**Problem to work on:** An exact reproduction of all the data is needed, with no images in it.

[[ Source material, beginning ]]

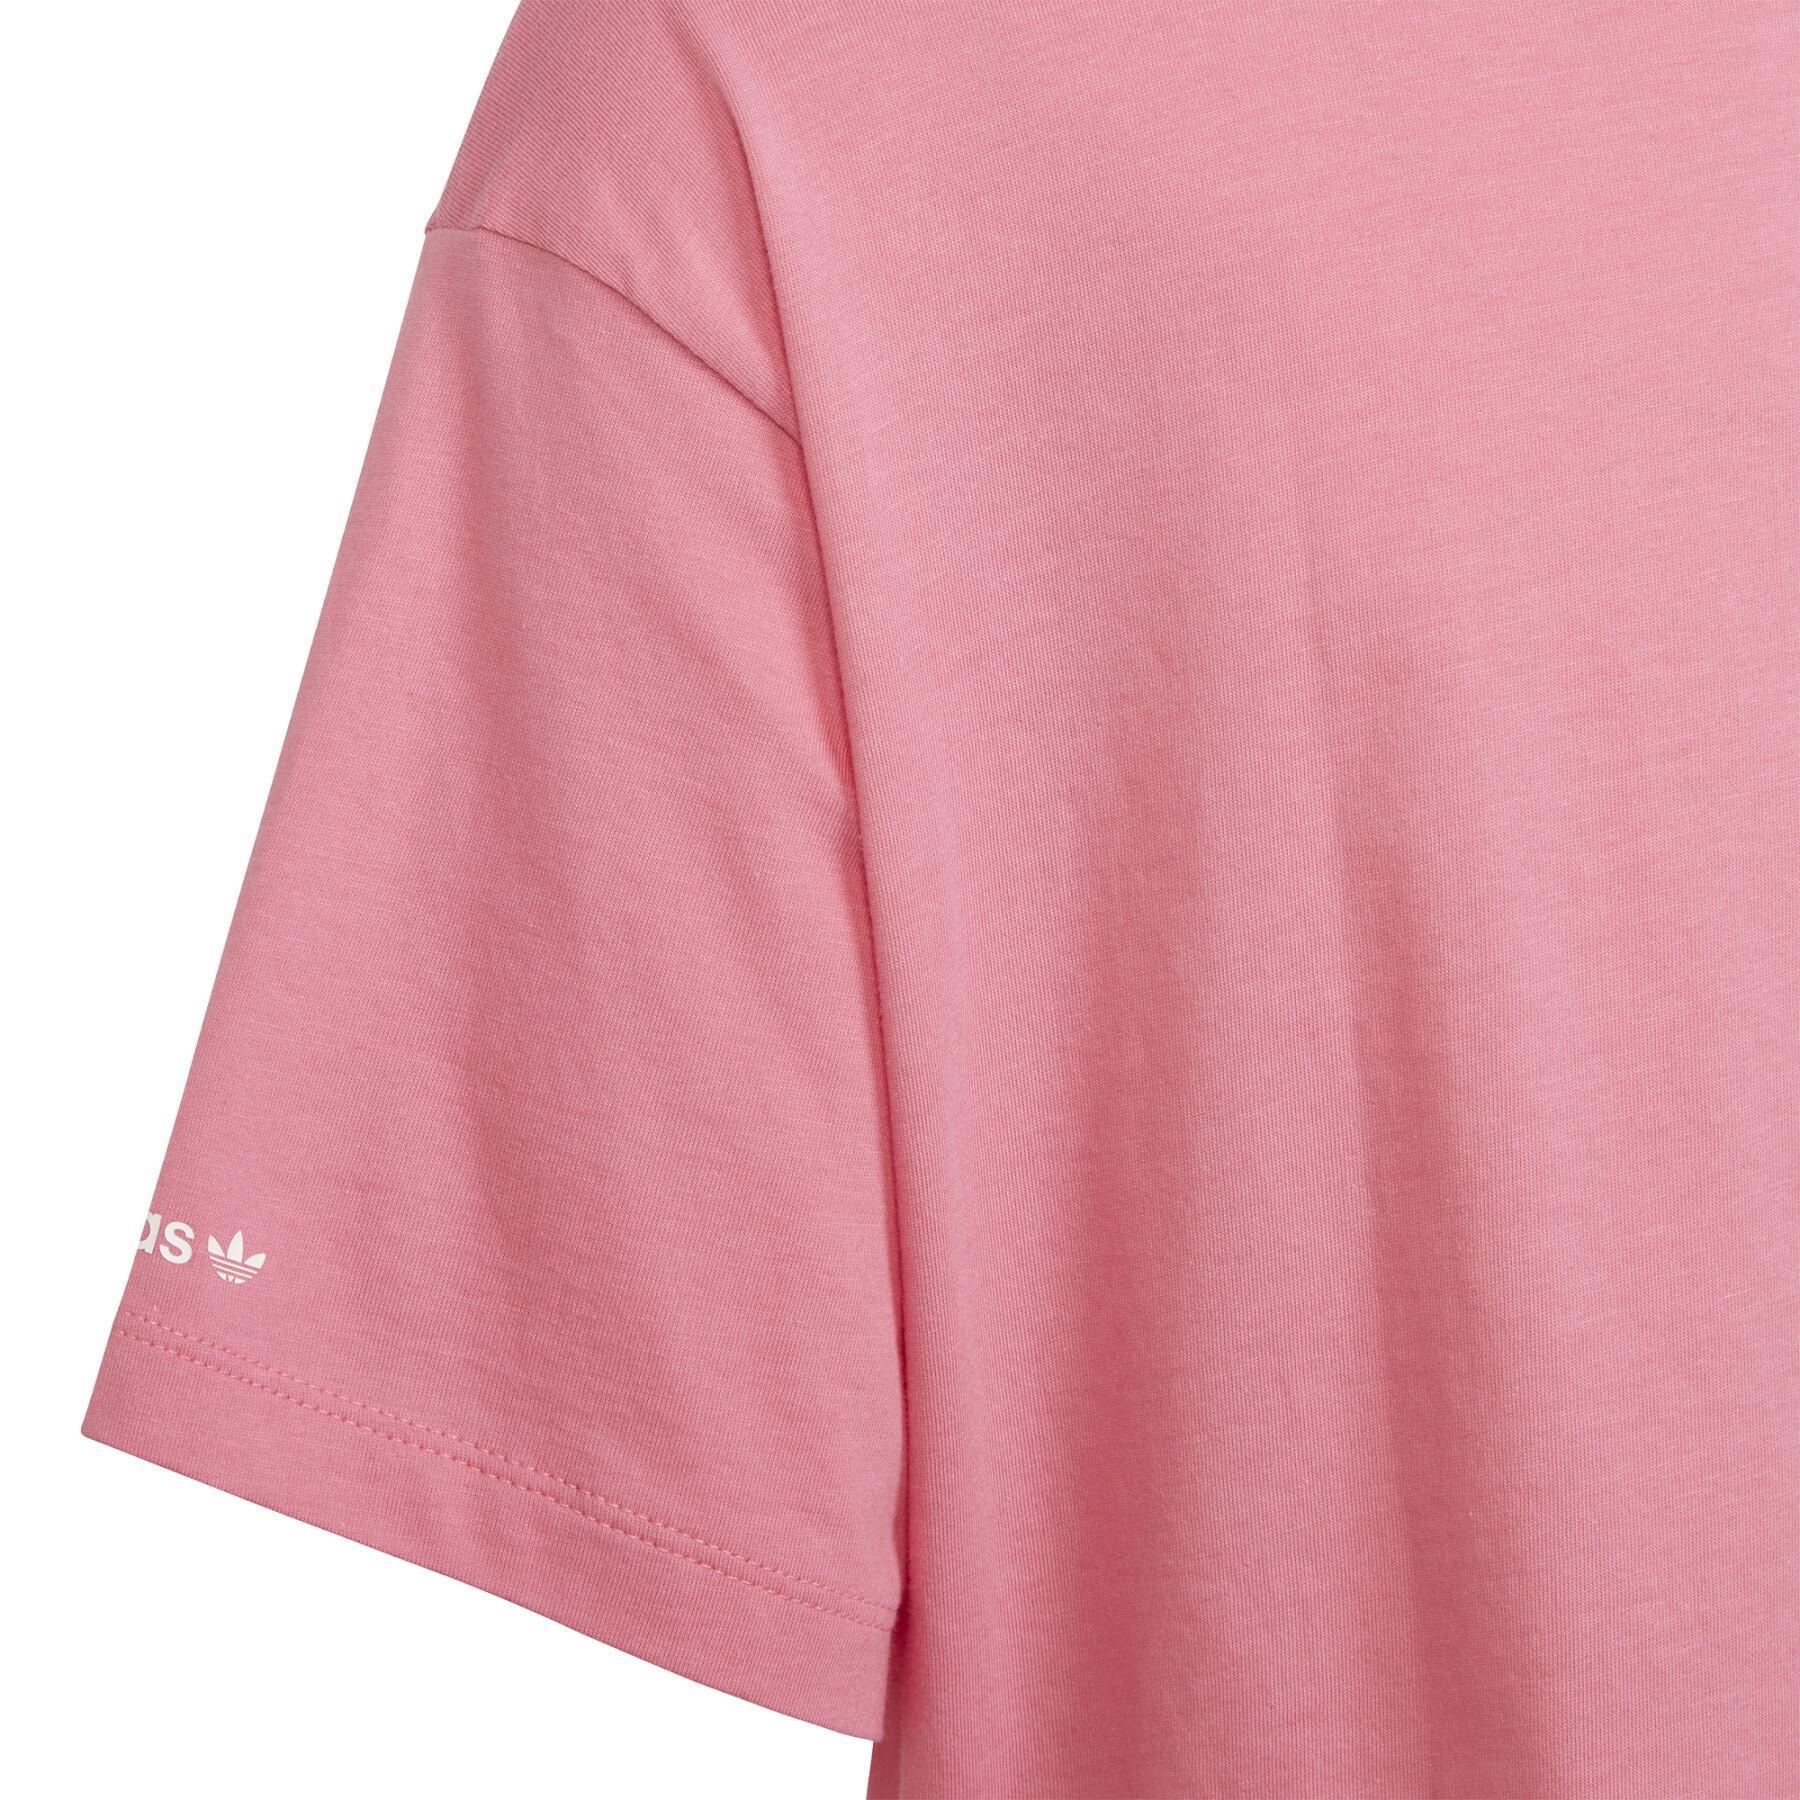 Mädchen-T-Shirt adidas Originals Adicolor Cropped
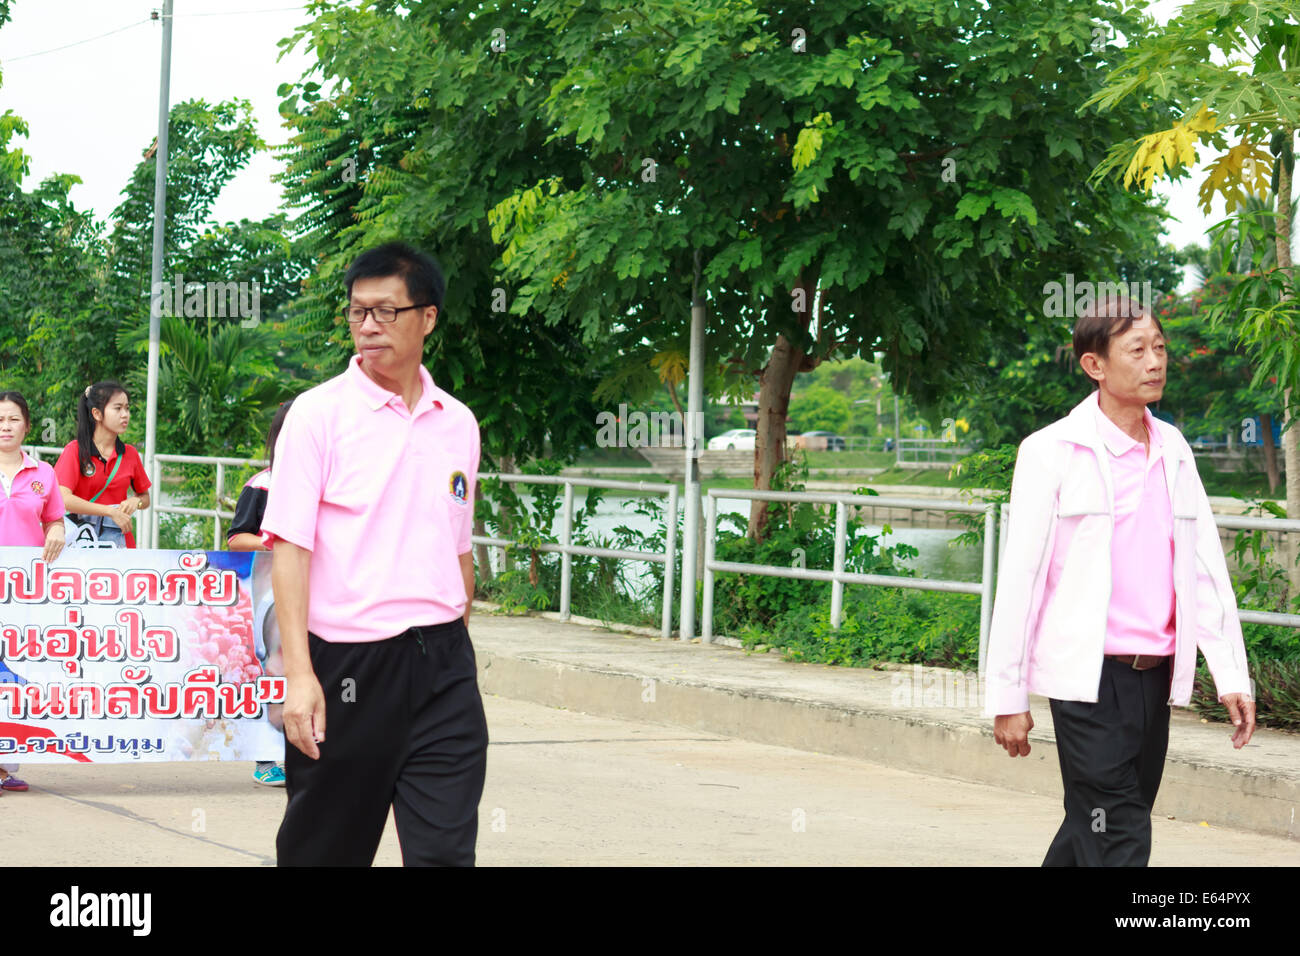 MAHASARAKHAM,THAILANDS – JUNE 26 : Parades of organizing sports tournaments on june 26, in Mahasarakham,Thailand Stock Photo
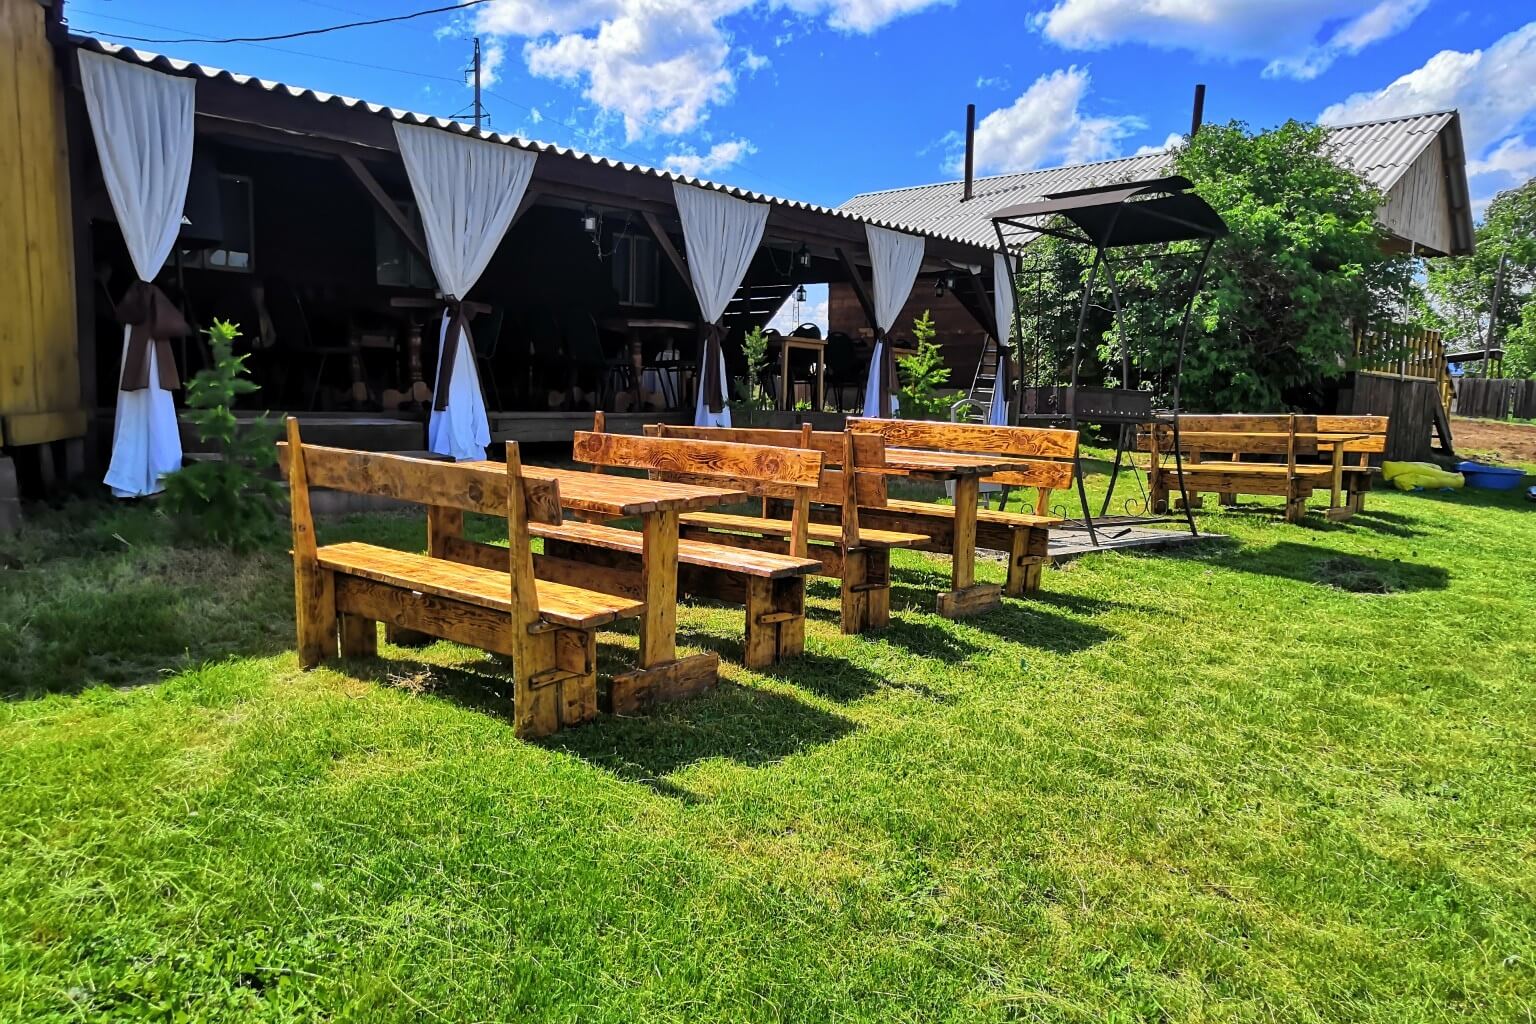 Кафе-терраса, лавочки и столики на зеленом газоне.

[[ Source material, end ]]

**Output:**
 Mädchen-T-Shirt adidas Originals Adicolor Cropped
 MAHASARAKHAM,THAILANDS – JUNE 26 : Parades of organizing sports tournaments on june 26, in Mahasarakham,Thailand Stock Photo
 Кафе-терраса, лавочки и столики на зеленом газоне.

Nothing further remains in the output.